T.O.Y. Stories Blog: Students as Student Leaders in Classroom Instruction
By Jon Cox
In my co-taught math classroom, the instructional team often includes student leaders. Students in this class typically collaborate in a small group environment two to three times per week.
During this group work, I assign a student leader for each group. Typically based on skill performance and personality, this person acts as a teacher/student ambassador who helps reinforce the skill(s) we are working on in class. As we move from skill to skill and as personalities grow and mature, the students taking on this leadership role rotate. It is very rewarding to see the responsibilities associated with this role increase as students take more and more ownership as the year progresses.
Students in a leadership role during group work offer other students in the group a new view on how to attack content material. It never ceases to amaze me how some students that struggle when material is introduced (even after lots of practice) take charge of that very same material when a peer explains it. Sometimes, it is a little short cut or trick that is offered and other times it is a totally different approach to solving a problem that helps ignite the light bulb!
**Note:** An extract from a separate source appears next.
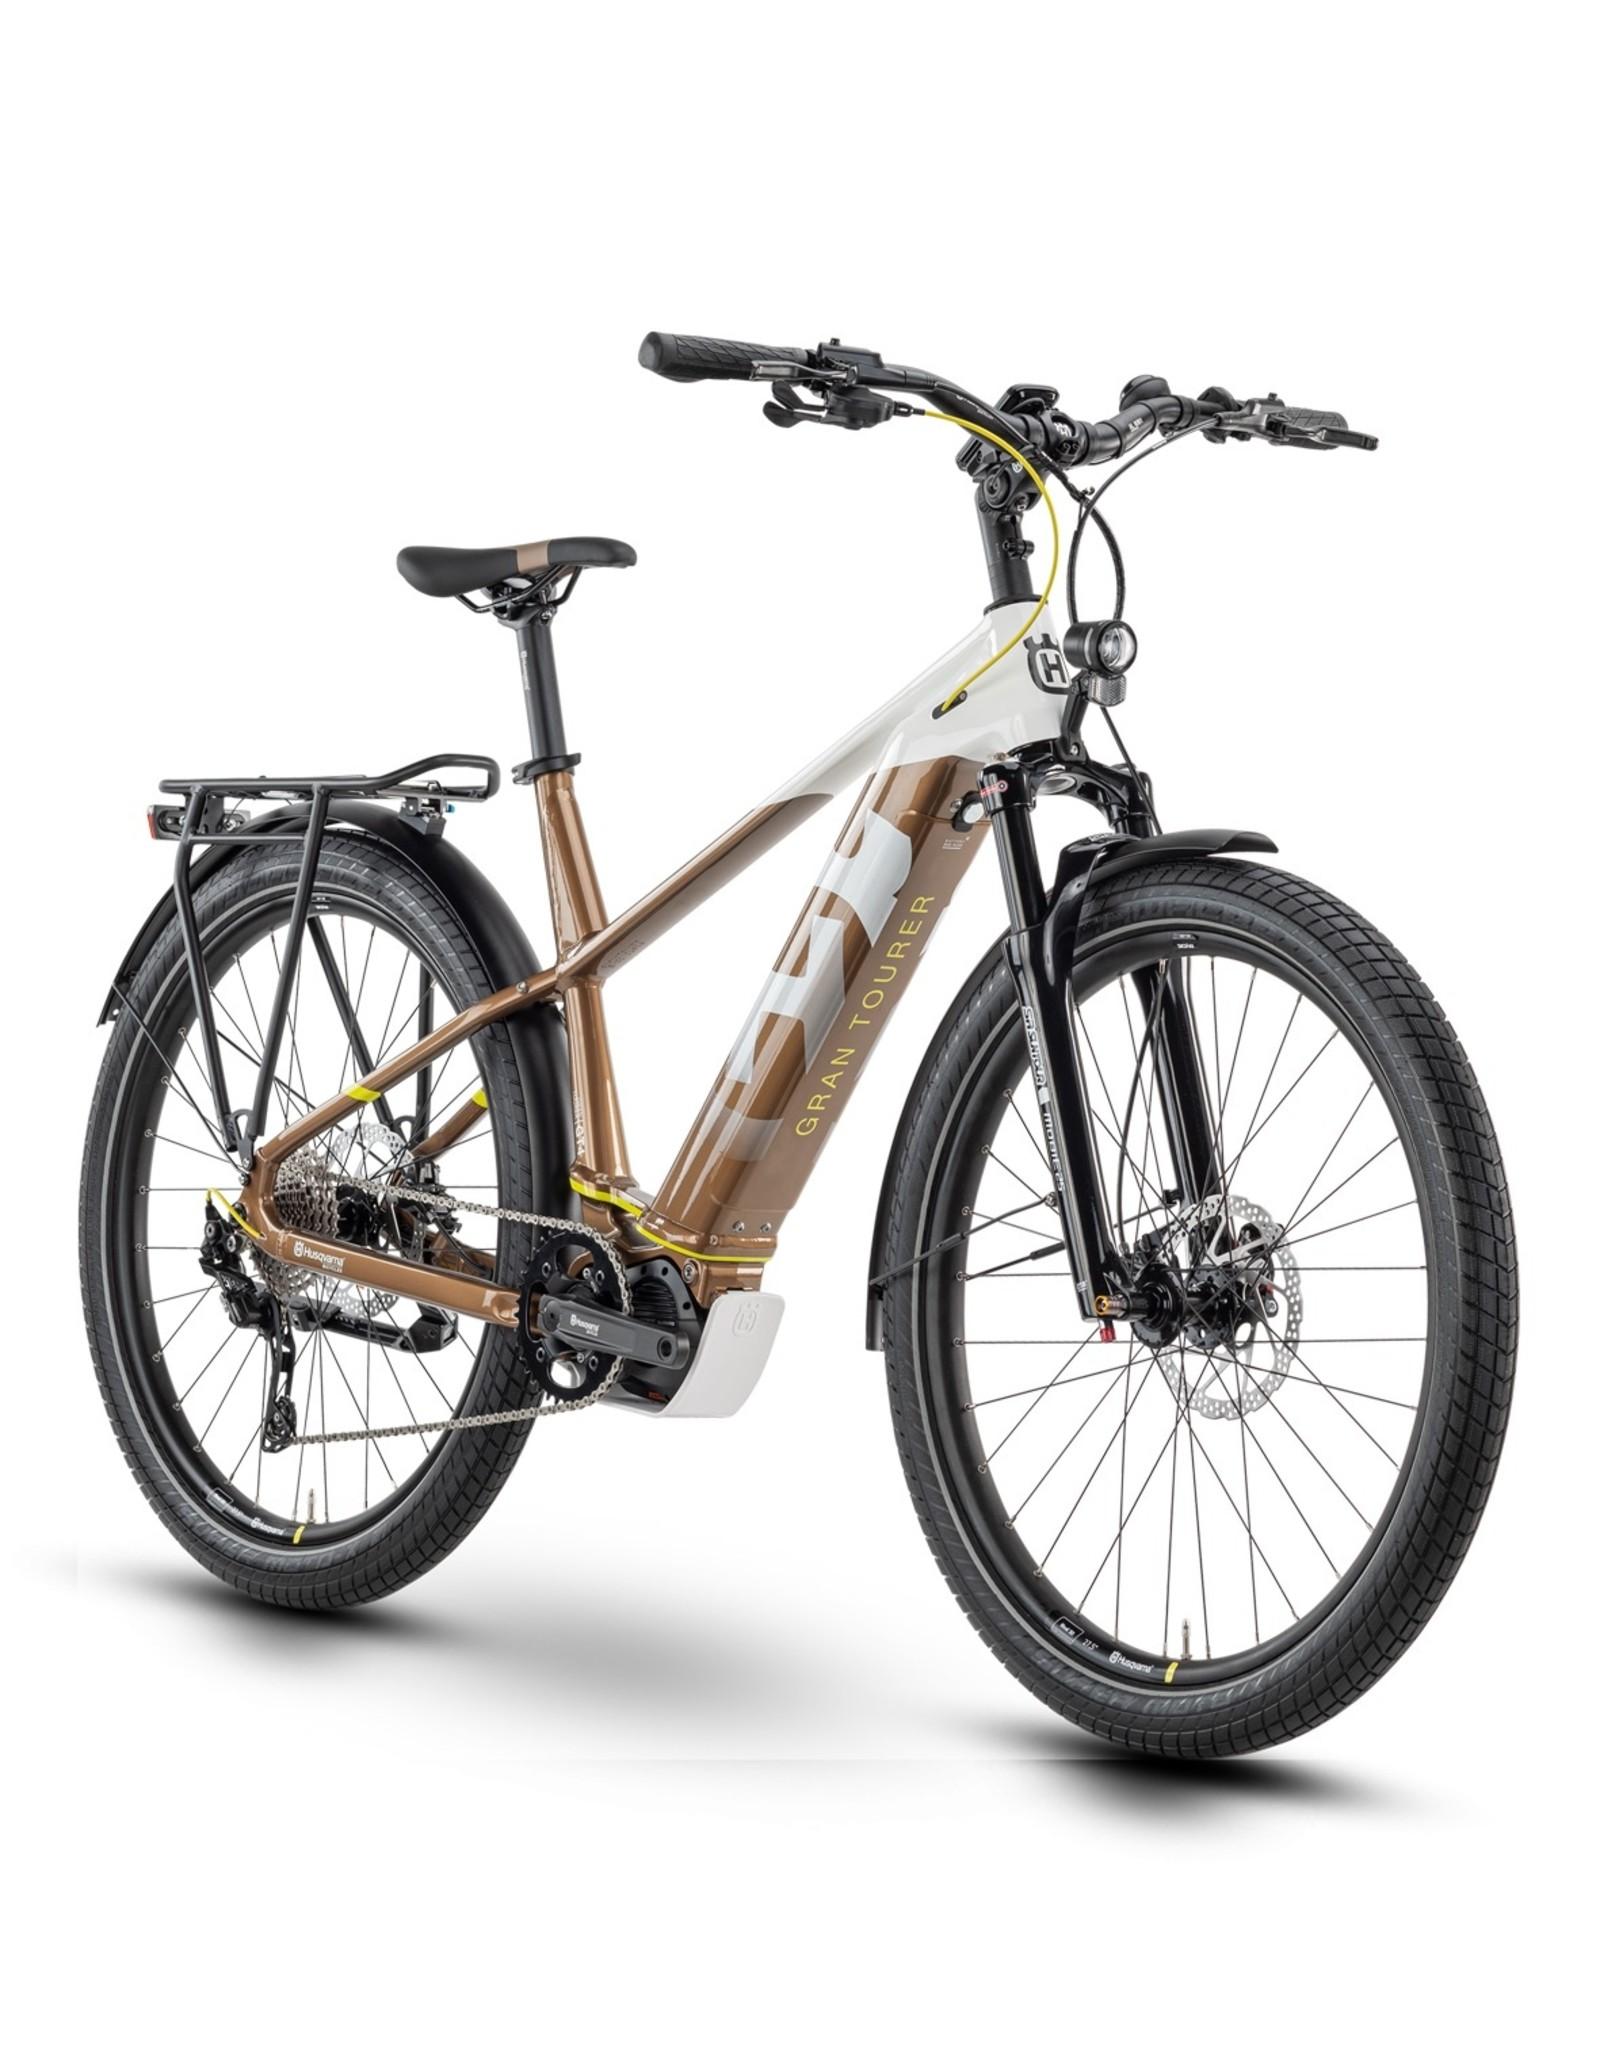 HUSQVARNA Bicycles Husqvarna Bicycles - Gran Tourer GT4 Gent

Just last week, my class was working on subtracting fractions and mixed numbers. In groups, peer leaders were showing tricks on how to re-group mixed numbers to prepare for subtraction and others were starting the whole process from the ground up to offer a different approach. In both scenarios, mastery of the content was increased due to the creative work being done through peer-to-peer collaboration.
A “hidden” reward lies in the type of collaboration described here. Student leaders often do not recognize the instructional benefit they are offering themselves during such work. Through working with other students who need additional support, these student/teacher ambassadors inadvertently deepen their own understanding of both content material and the true meaning of positive collaboration. Oftentimes, vocalizing the steps needed to solve a problem and taking the time to view a problem from the perspective of another student forces learners to think and work differently.
It is this different, outside-the-box thinking that offers student leaders an opportunity for deeper conceptual understanding. Watching a proficient student struggle to understand another student’s failed attempts to solve a multi-step equation is difficult to watch at first. Watching that very same student then transfer what he/she just discovered to graphing that very same equation during the following week of instruction is very rewarding to see (for the teacher, the proficient student, and the struggling student).
Student leaders are a vital part of my classroom. Once students realize their own potential, take ownership of their learning, and recognize their ability to communicate and collaborate, we begin to grow and move towards true achievement!
Jon Cox served as Calvert County’s 2013-14 Teacher of the Year.